Has there been any progress on this?
Hi benbarber and everyone, we are discussing this internally. We'll come back to you next week.
Hi everyone, here are a few vectors that I gathered to help make a decision:
- SweetXml is first and foremost a small DSL intending to translate DOM based data into Elixir's structures, via xpath and its nesting.
- This means we want to keep it minimal.
- This means we don't want to do the parsing ourselves.
- Because of this, we are limited in the scope of what we can or are willing to change.
- This means the API is not tied to xmerl, altough the implementation currently is.
- Thanks to this, we could in the future support a different parser, and allow the user to choose wich one to use. But I personally don't know yet how to make the extra dependencies work with the goal of keeping the lib minimal.
- We want to keep backward compatibility as much as possible.

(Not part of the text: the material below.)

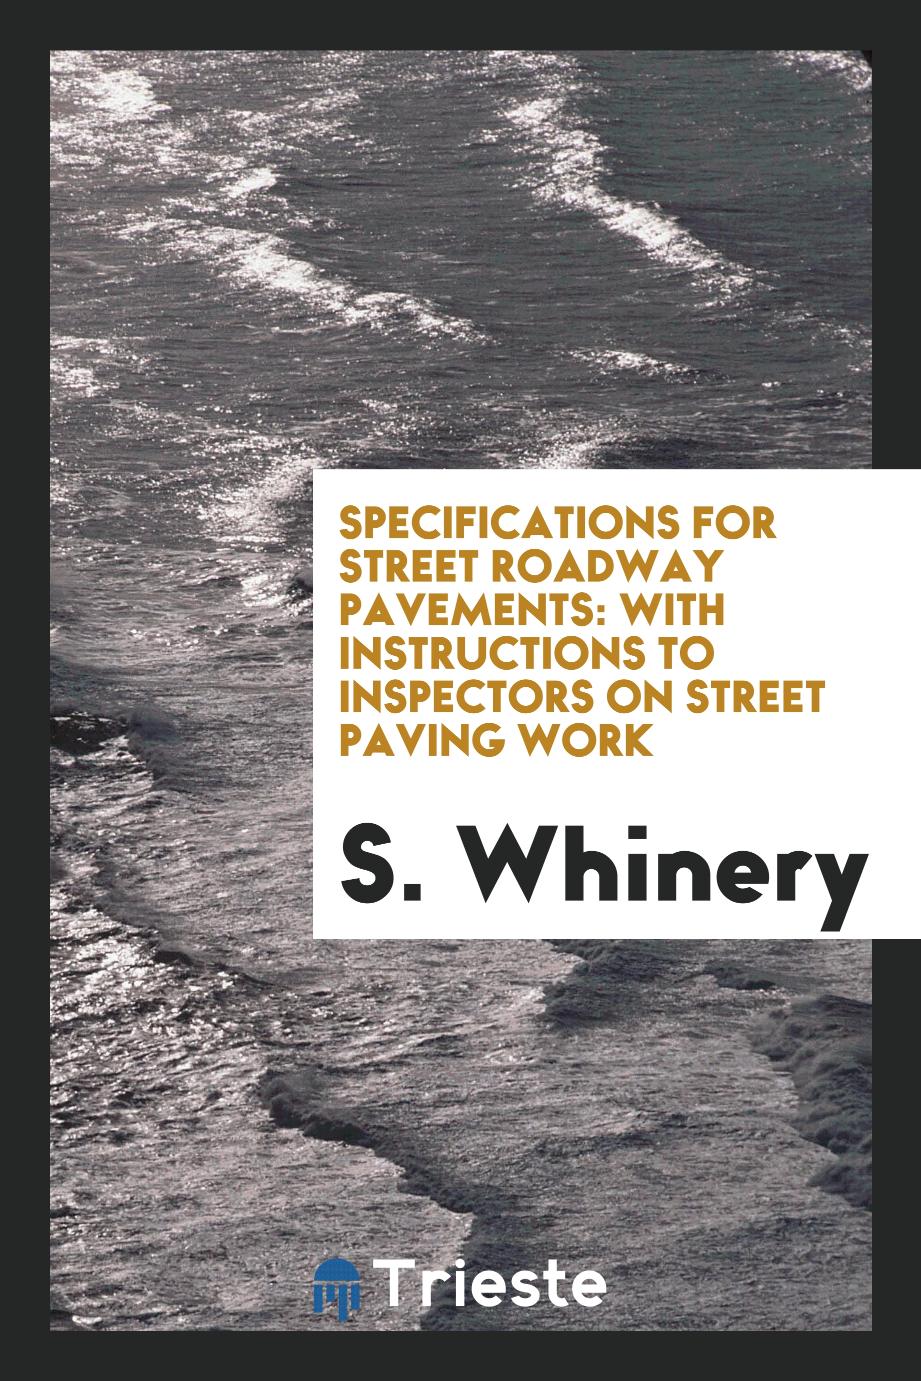 Specifications for Street Roadway Pavements: With Instructions to Inspectors on Street Paving Work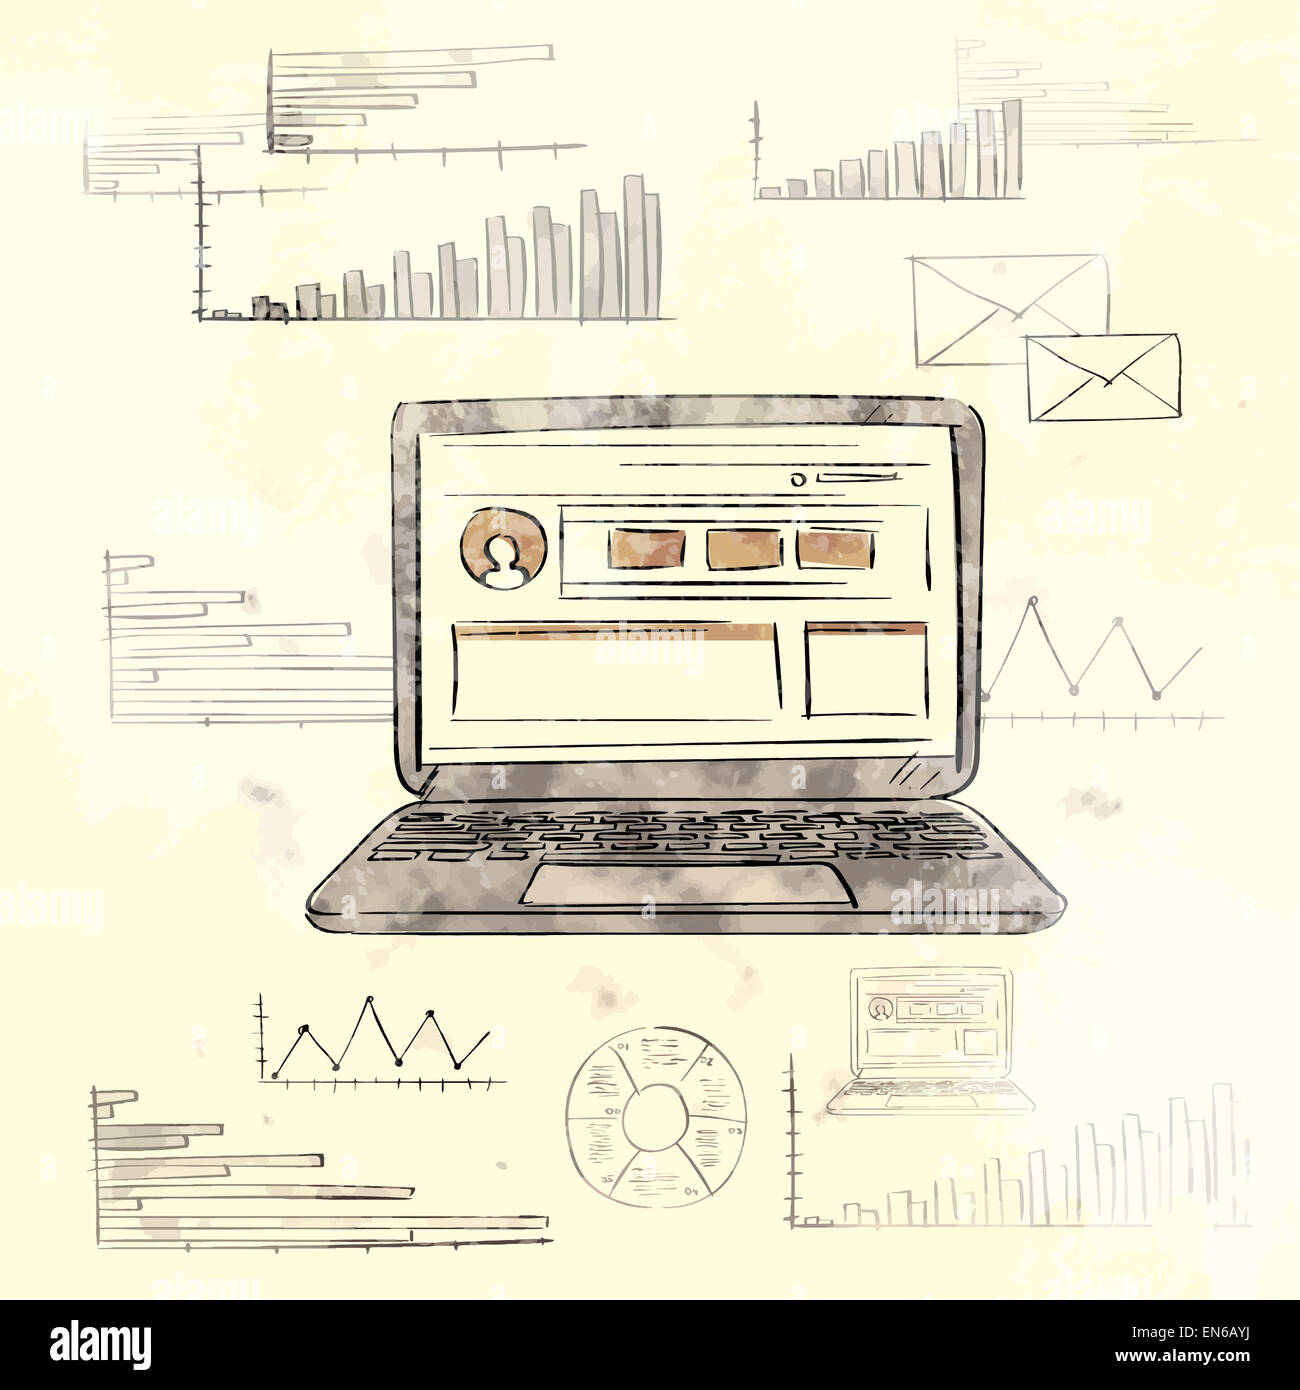 Retro Laptop with Grunge Finance Chart Old Paper Stock Photo

- This means we won't make the current API restrictive by default.
From all that, I'm deciding that:
- We will add options to
parse/2
,xpath/2
, so that the user can restrict the behavior of the parser. - We will update the doc so that it recommends heavily to set the options for more safety.
- We won't work on the atom exhaustion problem in the near future.
- I personally haven't investiguated
stream
andstream_tags
, but since it is based of:xmerl_scan
, the same changes will probably be applied to them.
On a last note, it is still possible to open an issue directly for xmerl to bring changes to it, on https://bugs.erlang.org/secure/Dashboard.jspa
I did not have much available time to work on it yet, but it's still present in my mind. I'll give an update next week, then try to give updates every two weeks at worst.
Hi everyone,
I've made a first implementation in issue-71, but it still need to be documented, real-world tested, and possibly iterated upon before I'm merging this in master
Hi everyone, I haven't had time to work on the doc yet, but I've set up a date to do it, I'll update you next week
Hi everyone, I'm practically done with the documentation. I haven't published a release candidate, but you can test it with:
{:sweet_xml, github: "kbrw/sweet_xml", tag: "v0.7.0-rc.1"},
I'll get a few teams to test it on our side as well
Hi, any news from testing?
Hi oliver-kriska, I haven't had much time to allocate on this recently, so unfortunately no. That made me think about it again though. I'll get in contact with a specific team and give an update here, by next friday, on whether I could bring the new version to their project
Hello everyone, the update is currently running on a forked xml flux with the option dtd: :none
. This is parsing files that don't use the advanced features of xml so all I can ensure is that the new option won't cause trouble when the parsed files are already safe. I'll try to see if one of our projects has some relevant flux that could make use of the other possible arguments to :dtd
, but that is quite unlikely.
In the meantime, I invite you all to try parsing some file with the different possible options if you have some ready at hand :)
Hey @jc00ke, the version 0.7.0 is indeed published to hex.pm. I didn't close the issue because I wanted it to act as a reminder for Kbrw to update our project to the new version, but I suppose an automated reminder would be a better way.
So yes, the issue should be resolved, and obviously if there are problems with the update feedbacks are welcome.